2015
Dance is not interesting even if it is composed or put together well. On the other hand, even if the dance is poorly composed, if the dancer’s body has power, the dance will becoming something interesting worth seeing.
The appeal in dance is the power of the body transforming and the power to let the body transform. Transformation; it is exceedingly close to the pleasure of death on the edge. We dance and become mad. Dance fragmentizes the self. Within the crack and crushing, and within the power of catastrophe and intoxication, we meet the rhythm of the body, of darkness. That is where the root = source of creation is. J.L. Nancy writes: “The dance reaching its limit is the highest point… We are thrown into, thrown away into a frenzy (the word frenzy = frénésie awakens madness, trembling, excitement, ecstasy, and abandonment…). Within the frenzy, the body may touch upon the limit that is the most secret… The body that is something complete, something unified, may be dismantled and deprived of its ownership of itself. (Omitted) This body dances spasms, and within these spasms, dance gushes out to the outside of dance. Dance, in its so-to-speak savageness and ultimate movement, is robbed of dance itself.”
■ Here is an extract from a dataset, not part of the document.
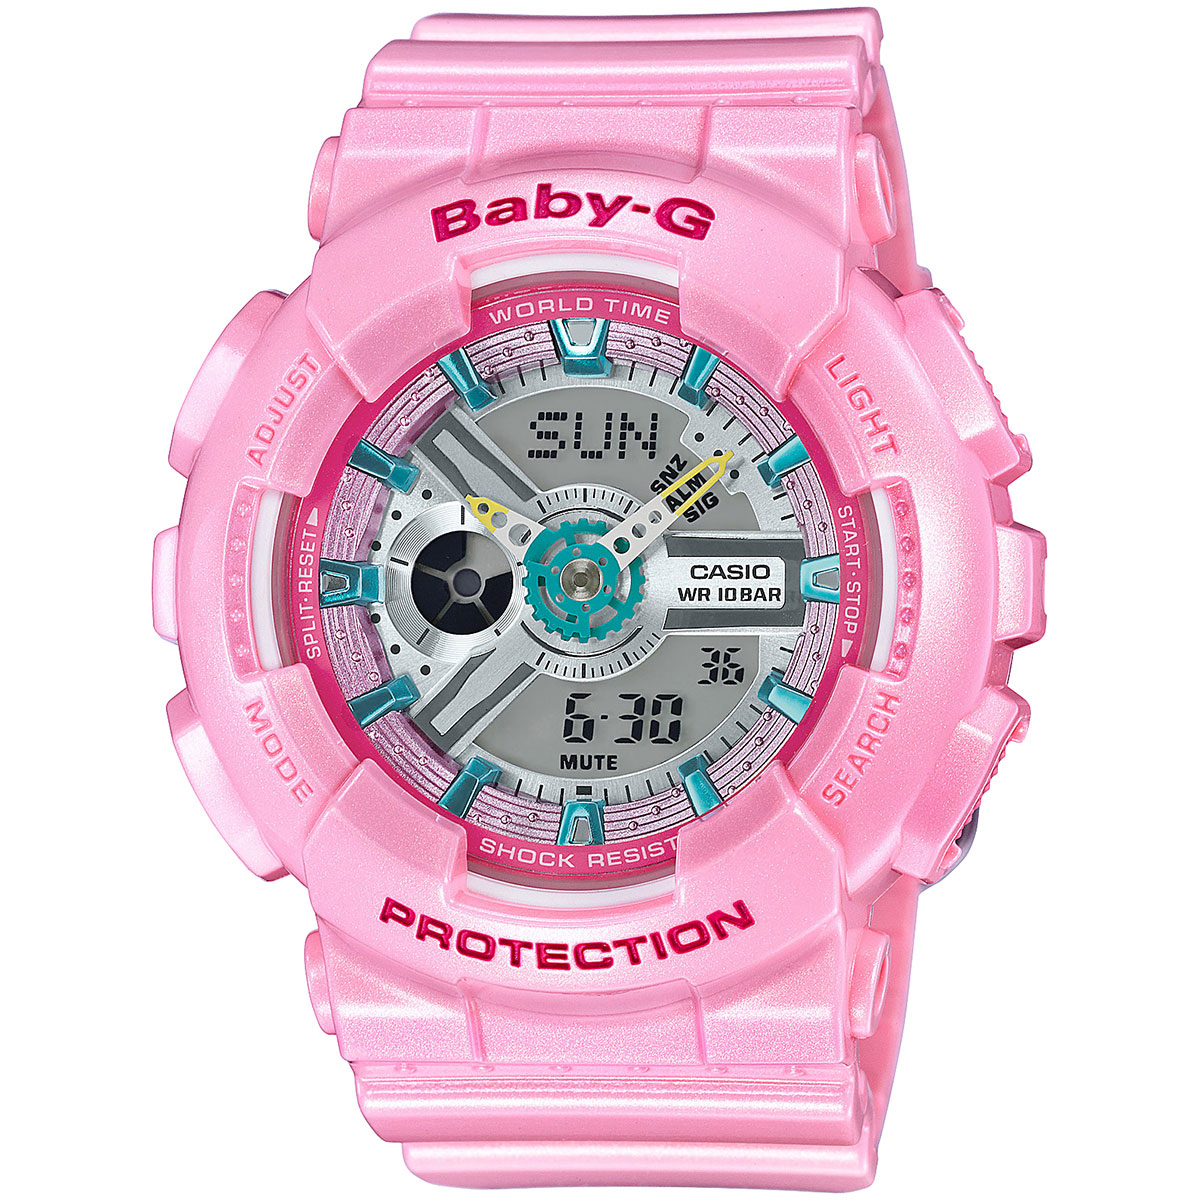 นาฬิกาผู้หญิง CASIO Baby-G รุ่น BA-110CA-4A Standard Analog Digital Ladies Watch
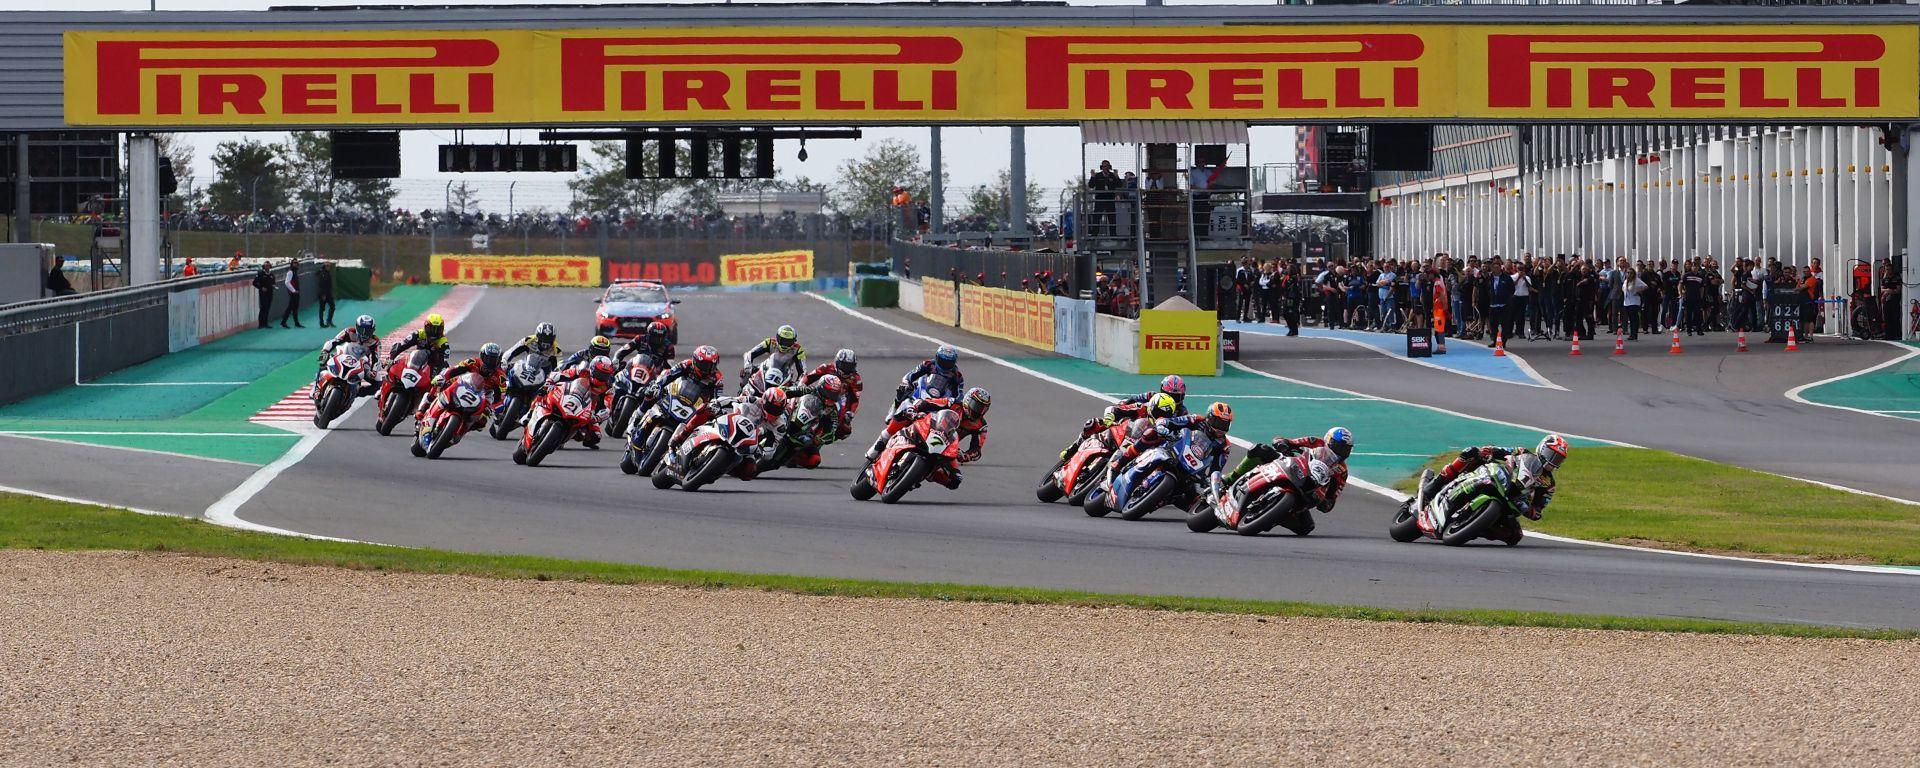 Pirelli rinnova con Superbike fino al 2023

Dance is to stand on the death of expression = the <absolute zero> of the body. It is an event of the moment, in a constant, present form. It is to put one’s own body in the <now and here> of a swaying boundary; it is an incident, an <experiment>. A solo body separates into “multiple different languages and bodies,” and with this separation, talks; it is the adventure of the body that is <still unnamed, impersonal>.
To go beyond expression, to be a constant reformation, and to live another new life. In that moment, my body is no longer singular. When we dance, my body is living in uncountable positions, in the uncountable <critical and clinical>.